§ **WHAT THE TASK ASKS**
Wherever a picture appears in the data below, omit it, and restate everything else word for word.

§ **RECORDED INFORMATION**

- - - -

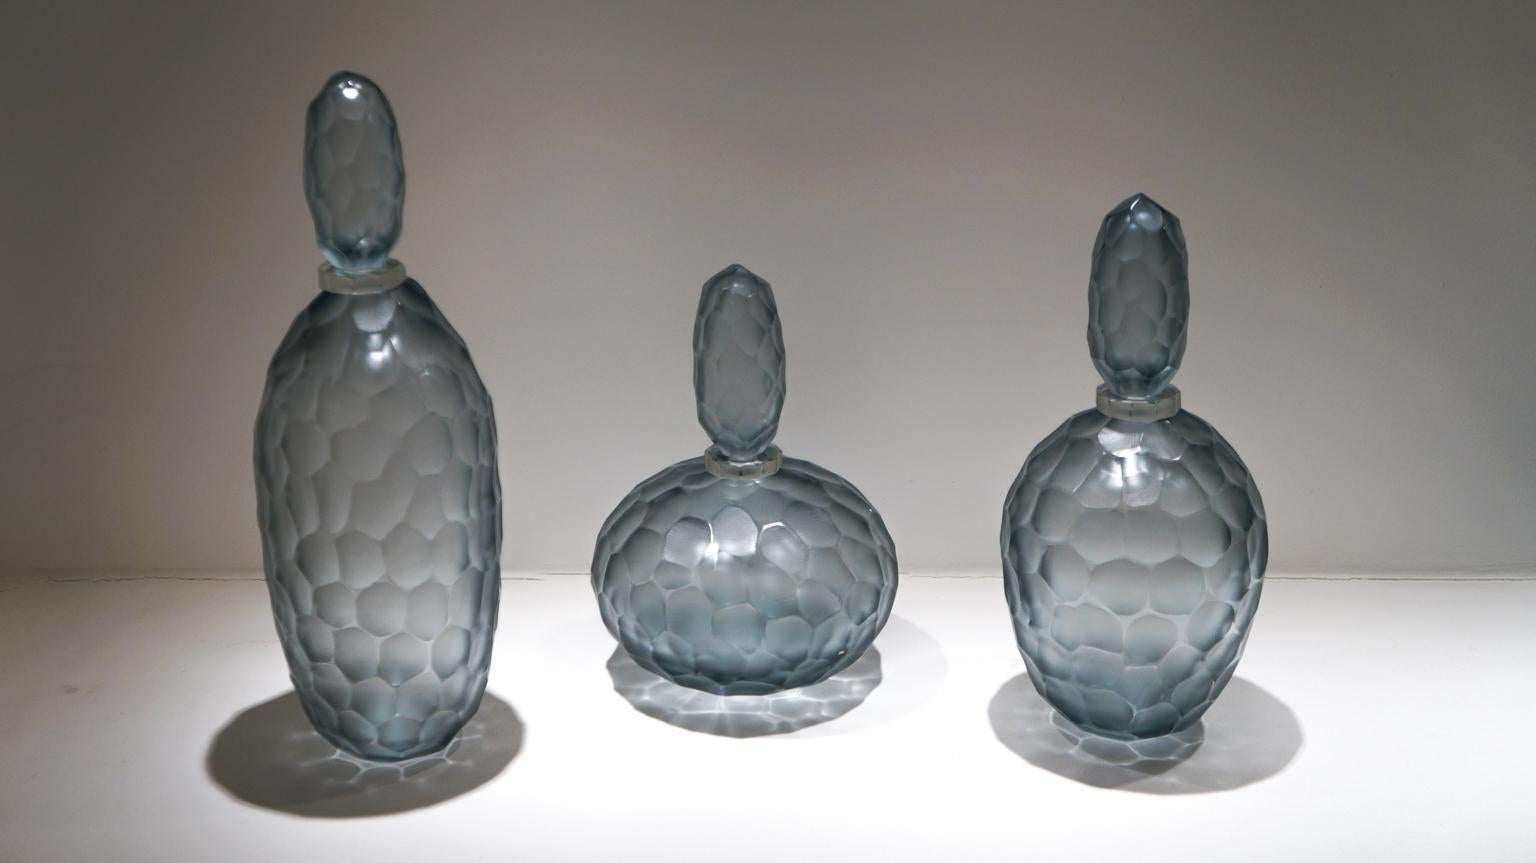 Drei vollständig von Hand gravierte Flaschen aus grauem mundgeblasenem Muranoglas.
Um diese Arbeit auszuführen, sind zwei verschiedene Prozesse erforderlich: Der erste besteht darin, die heiße Vase zu modellieren und ihr Form und Farbe zu geben.
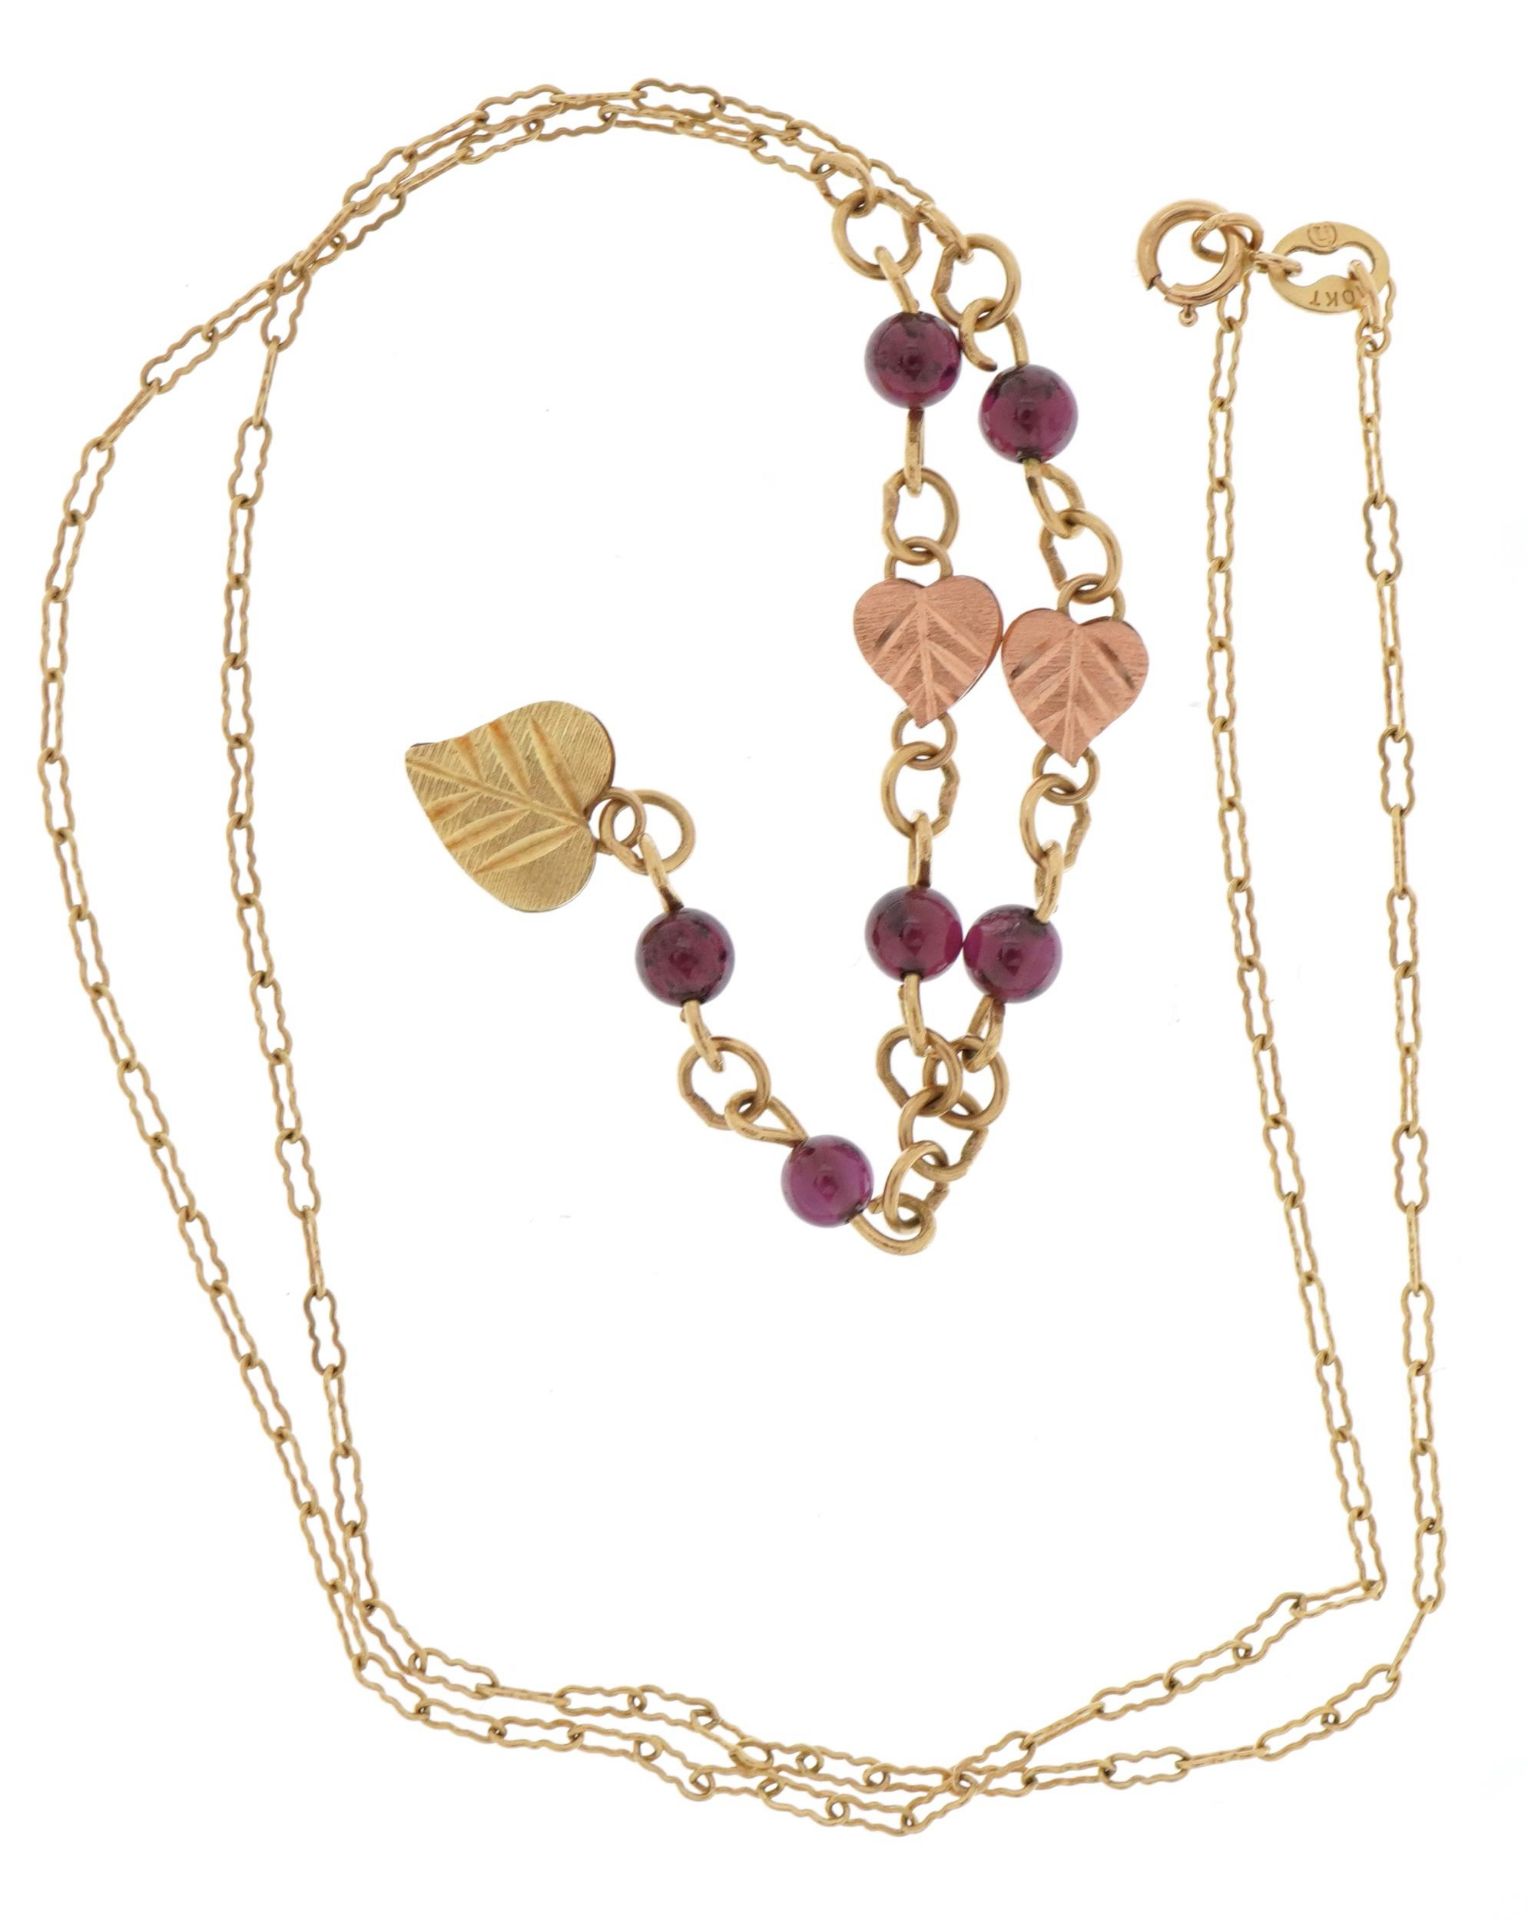 Manner of Black Hills, 9ct two tone gold garnet leaf design necklace, 44cm in length, 3.4g - Image 3 of 3
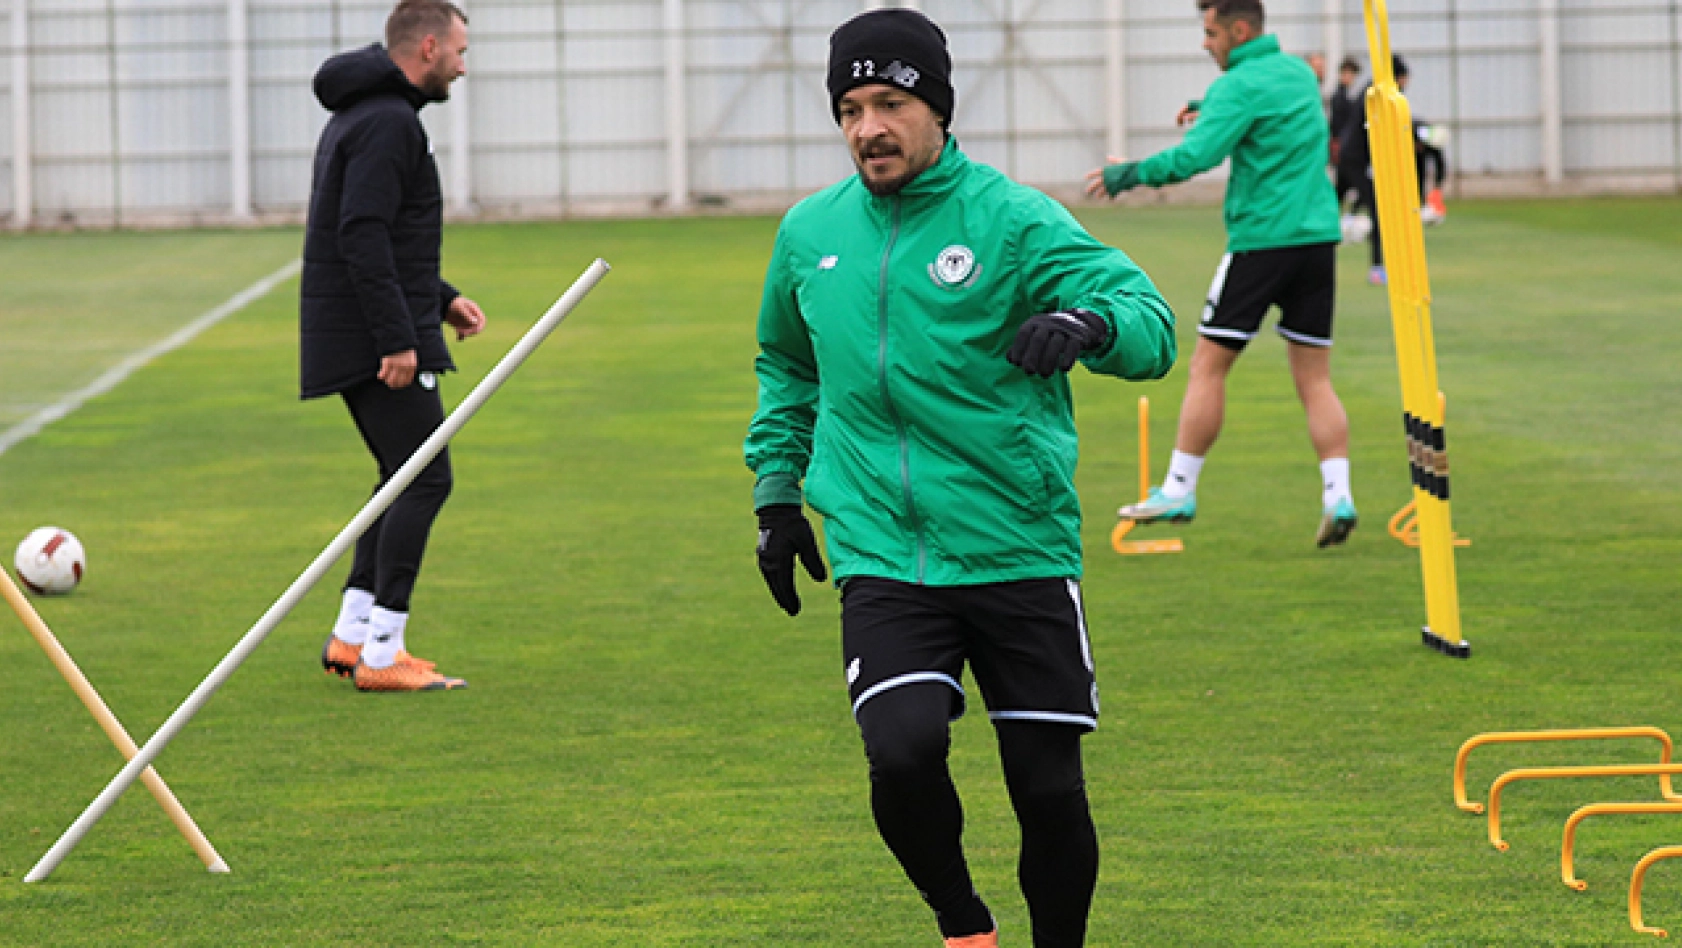 Tümosan Konyaspor, Sivasspor Maçı Hazırlıklarını Sürdürüyor

- - - -

§ **SOLUTION**
 Drei vollständig von Hand gravierte Flaschen aus grauem mundgeblasenem Muranoglas.
Um diese Arbeit auszuführen, sind zwei verschiedene Prozesse erforderlich: Der erste besteht darin, die heiße Vase zu modellieren und ihr Form und Farbe zu geben.
 Manner of Black Hills, 9ct two tone gold garnet leaf design necklace, 44cm in length, 3.4g - Image 3 of 3
 Tümosan Konyaspor, Sivasspor Maçı Hazırlıklarını Sürdürüyor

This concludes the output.